What people, Purdue are saying about controversial Back a Boiler income share agreement

For years, Purdue University has touted its Back a Boiler program as an innovative alternative to student loans but a watchdog group says the way Purdue is running and marketing the program may be illegal.

In March, the Student Borrower Protection Center sent a letter to the U.S. Department of Education, asking it to investigate the program and immediately put a stop what it called an "illegal lending scheme" and make whole the borrowers harmed by it. Purdue has denied allegations of wrongdoing.

To date, more than 1,600 Back a Boiler contracts have been signed by Purdue students. IndyStar spoke with five of them who say they feel taken advantage of and misled.

Back a Boiler: Students feel duped by Purdue's loan program. Could it be illegal?

What is the Back a Boiler program?

Back a Boiler is an income-share agreement launched by Purdue University in 2016. Starting in their sophomore year, students may apply to the program to help cover the cost of attending Purdue.

Students sign a contract that promises a share of their future earnings in exchange for the loan, which is paid by one of two limited liability corporations. The LLCs are funded by a variety of investors – institutional investors like hedge funds and private individuals.

Funding levels start at $5,000 for a semester or $2,500 for a summer session. Terms on the agreements vary based on major and amount requested but they typically last for eight to 10 years and require students contribute around 5% of their income. The program maxes out when a student commits 15% of their future earnings.

What is an income share agreement?

Purdue isn’t the only school offerings ISAs. The concept has been around for decades but, in the modern era, they’ve been more common at for-profit and non-degree-granting entities, such as computer coding bootcamps.

Income share agreements are when a student commits a future share of their income in exchange for a portion of their educational costs.

Typically, the contract lasts for a set number of monthly payments or a maximum payment amount. While some programs ensure students don’t pay back more than they borrowed, most do cap payments above the original ISA contract amount. In Purdue’s case, the contracts typically max out at 2.5 times the amount borrowed.

So, a student that borrows $10,000 would pay the agreed upon share of their income for the set number of months or until they pay back $25,000 – whichever comes first. At the end of the contract length, a student’s obligation is met, whether they’ve paid back the money they borrowed or not.

Are ISAs loans?

Yes. While ISAs are often marketed as an alternative to loans, the Consumer Financial Protection Bureau has said that ISAs are private loans.

A sample contract on Purdue's website for its Back a Boiler income share agreement website. At the top, it says "THIS IS NOT A LOAN." The Consumer Financial Protection Bureau has said that ISAs are loans.
A sample contract on Purdue's website for its Back a Boiler income share agreement website. At the top, it says "THIS IS NOT A LOAN." The Consumer Financial Protection Bureau has said that ISAs are loans.

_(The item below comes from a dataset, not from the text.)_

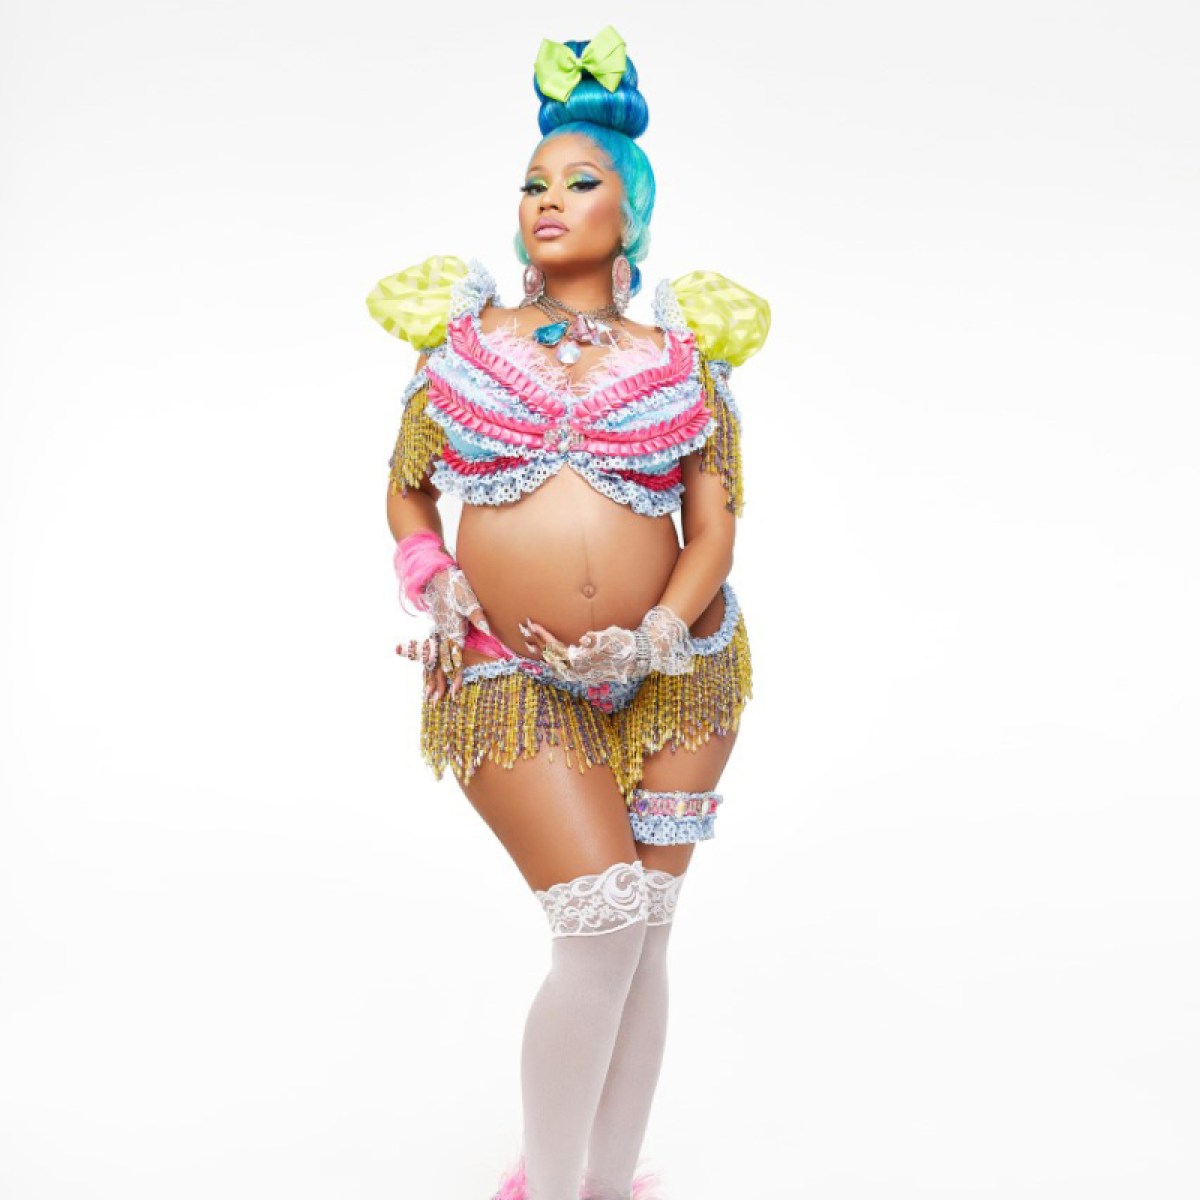 Nicki Minaj Free Porn - Pregnant Nicki Minaj's Baby Bump: See Photos So Far

How are ISAs different than traditional loans?

Traditionally, loan terms include a principle amount borrowed and an interest rate. Borrowers pay back the loan with interest until the balance is paid off. With an income-share agreement, payments are based on a percent of the borrower’s future income and made for a set period of time, which means they may pay back more or less than they originally borrowed.

In cases where students struggle to find work, or start out with a low-paying job, the ISA could be beneficial because payments can be put on hold when students are out of work or making too little. For students who’d like to pay off their loans early, though, ISAs like Back a Boiler come with what amounts to a large pre-payment penalty because they can only end the agreement early by paying off the maximum payment cap.

What are people saying about the Back a Boiler program?

The Student Borrower Protection Center, a watchdog group, says that the way the program is run and marketed is illegal. The nonprofit has asked the U.S. Department of Education and Consumer Financial Protection Bureau to get involved.

IndyStar spoke with five students and their families who say they feel duped by the marketing of the program and now feel taken advantage of by the university and terms some called predatory.

Several families said they wish they’d taken out private student loans instead because they would have been able to pay off the borrowed amount, plus interest, faster and at a much lower cost.

One student called it a “rip off” and another said she feels stuck.

One student IndyStar spoke with said she was happy with her Back a Boiler ISA because she liked knowing she’d be done paying it off in 10 years and expects to pay on other private student loans for longer.

What does Purdue say about it?

Purdue denies the allegations about wrongdoings with the Back a Boiler program. In its response to IndyStar, Purdue said "transparency and ISA literacy are the hallmarks of Purdue’s Back a Boiler program" and the process is designed to ensure students make an informed decision. Participants must also successfully complete a quiz prior to entering into an ISA contract to check understanding.